In order to avoid the risk of ash escaping from the grid and the trough or other ash removal means, and in order to regulate the air flow through the grid, it is preferred to provide a housing that extends from the chamber, encloses the ash removal means, and is open to the grid, and a blower or other means for creating a higher air pressure in the housing than in the chamber. The pressure differential between the housing and the chamber will be quite small and will provide substantially no restriction on the freedom of ash to fall through the grid and yet ash particles that become entrained in the air in the housing are carried back towards the grid and up into the chamber.
This is particularly valuable since it permits the provision of a gap between the chamber and the grid so as to permit the grid to be vibrated whilst the chamber and the housing are stationary, since air will then flow through this gap and carry back into the chamber any ash or other particulate material that might otherwise escape from the housing. This gap will normally be no greater than the amplitude of vibration, i.e. generally below 5 mm. Thus it is possible to arrange the incinerator such that the only part that vibrates is the grid (and possibly the associated trough) with the result that the desired vibration can be achieved without the need of diaphragms or other solid means for preventing the passage of solids from the chamber through the gap and enables the desired vibration to be achieved using a relatively weak vibrator.
The housing extends from the chamber in order that the walls of the housing form, with the walls of the chamber, an enclosure that will substantially retain the elevated pressure within the housing relative to the pressure above the grid. The housing is normally provided with a discharge outlet to permit removal of ash from within the housing. As the housing is generally at a pressure above atmospheric pressure there will be a loss of pressure, and possibly escape of ash, if the outlet is merely a port that can be opened to the atmosphere. The outlet is therefore preferably provided with means permitting the removal of ash without substantially exposing the interior of the housing to the atmosphere.

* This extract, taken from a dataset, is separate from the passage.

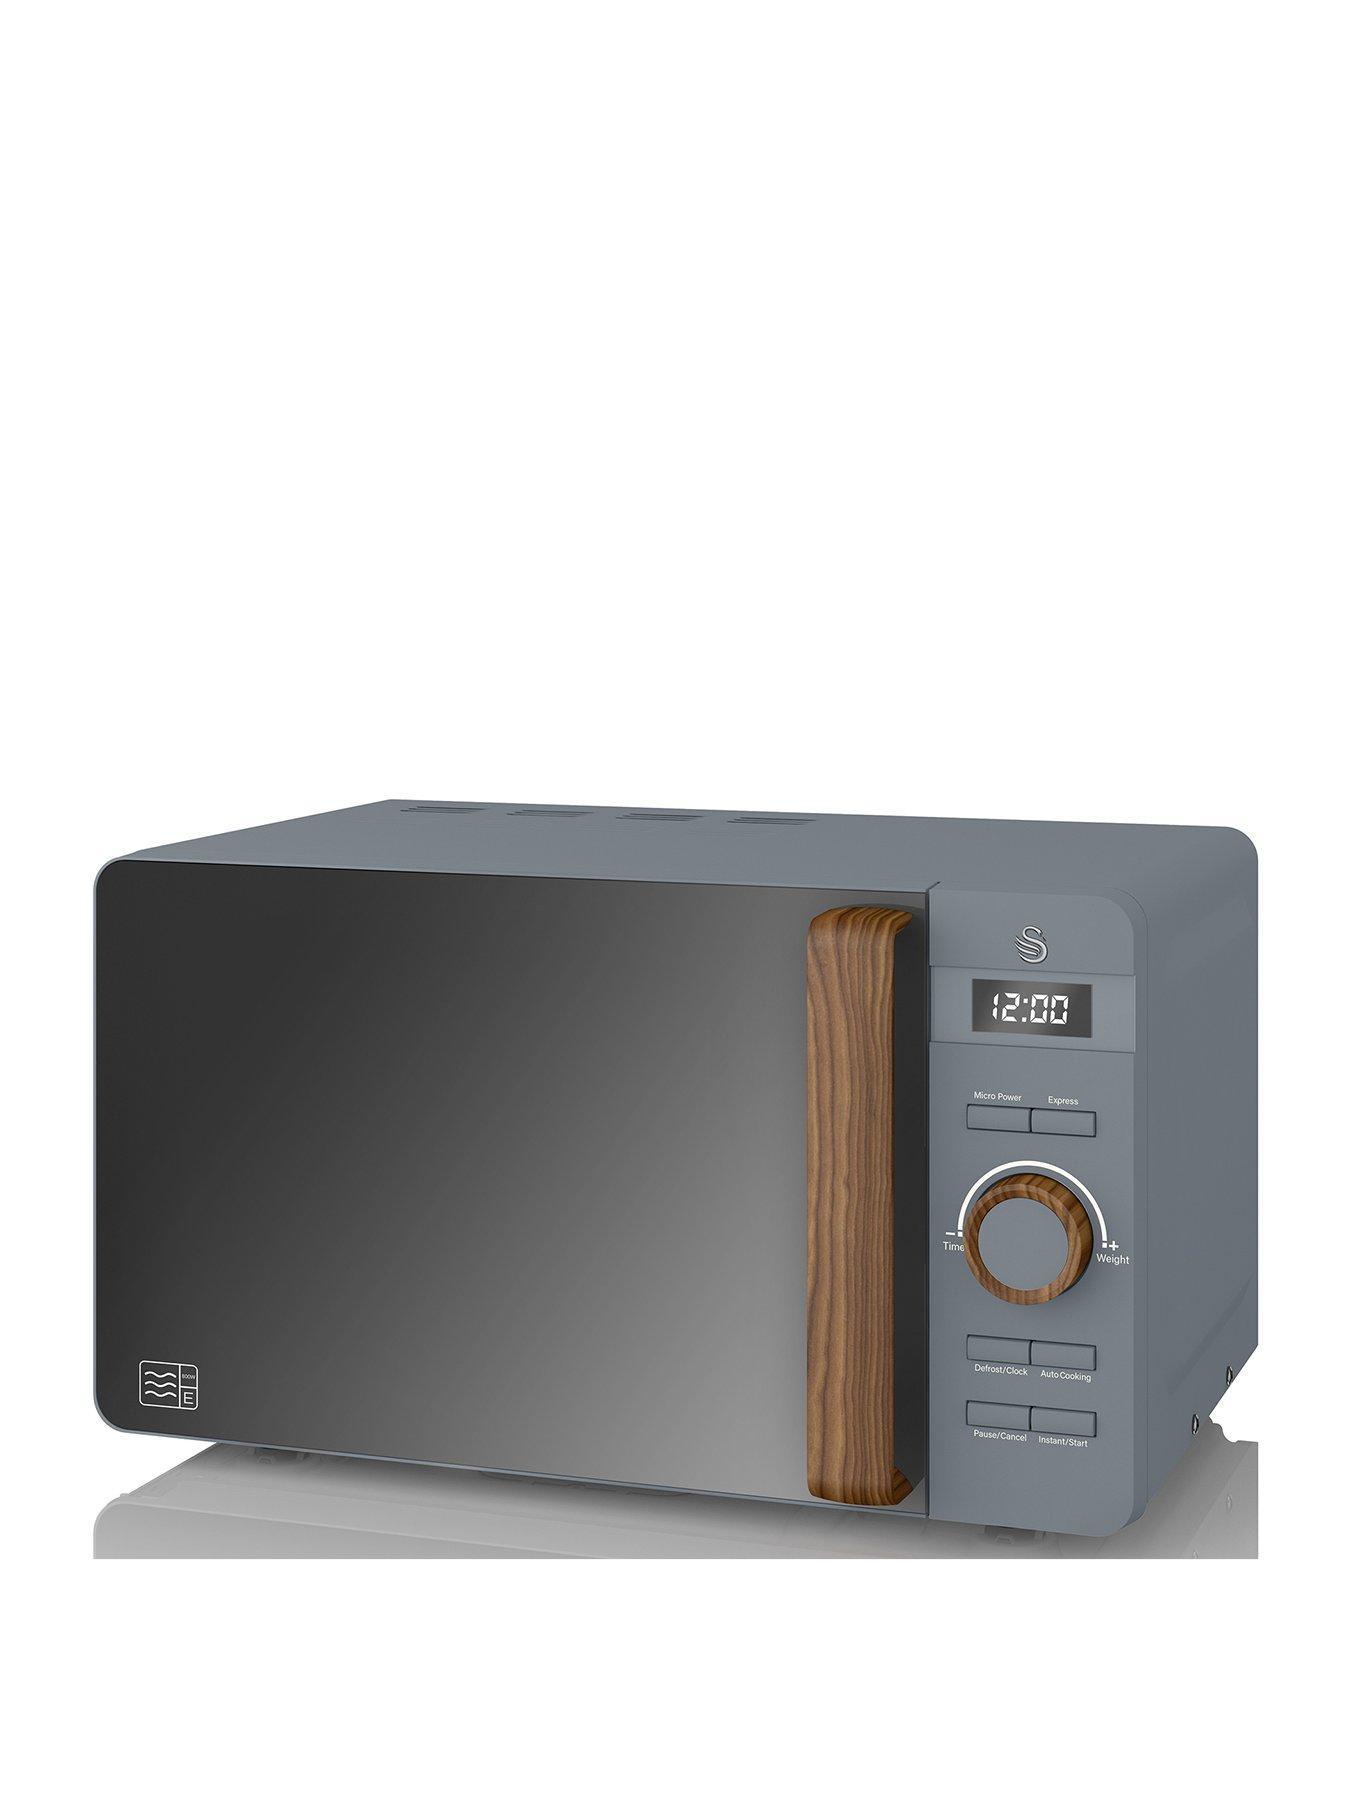 20l nordic digital microwave grey

Preferably, the hopper is secured and sealed to the trough and vibrates with the trough and serves also as a collector for the trash. It can be provided with a removable lid which will provide adequate air lock during normal combustion and will prevent escape of dust during vibration. The hopper is preferably provided with automatic emptying means for the ash and the trash or may be removable so that it can, when necessary, be taken from the chamber and emptied by tipping.
In general it is desirable for the outlet to be provided with an air lock having an inlet and an outlet whereby the ash can be collected through the inlet while the outlet of the air lock is closed and then, when the inlet of the air lock is closed, the outlet is opened to discharge the ash. For instance the ash removal means may include a water supply and a water tight hopper into which ash that has fallen through the grid may be collected as a slurry and the outlet from the housing is located in this hopper such that, when the outlet is open, the slurry provides a liquid seal between the housing and the atmosphere.
Preferred systems according to the invention comprise an inclined trough that will discharge into a hopper at its lower most end and that is substantially sealed with respect to the hearth along its other edges and a housing that extends from the chamber as described above, and as a result it is possible to control very accurately the supply of air to the grid, by appropriate control of the blower or other means for creating elevated pressure within the housing. This is particular value when the combustion chamber is to be operated as a sub-stoichiometric chamber. The combustion chamber may be an elongated chamber having a feed end provided with an inlet for combustible material and a closed end and the lower most end of the trough is preferably adjacent the closed end of the chamber whereby the majority of air entering the chamber enters it adjacent the closed end. Thus the majority of the air is available for combustion of feed that has travelled along the length of the chamber, and the amount of air available for combustion of freshly introduced feed is very low. This promotes controlled sub-stoichiometric combustion. This controlled travel of air along an elongated chamber forms an essential feature of a second aspect of the invention. The total amount of air supplied to the chamber is generally below 30% of the stoichiometric amount.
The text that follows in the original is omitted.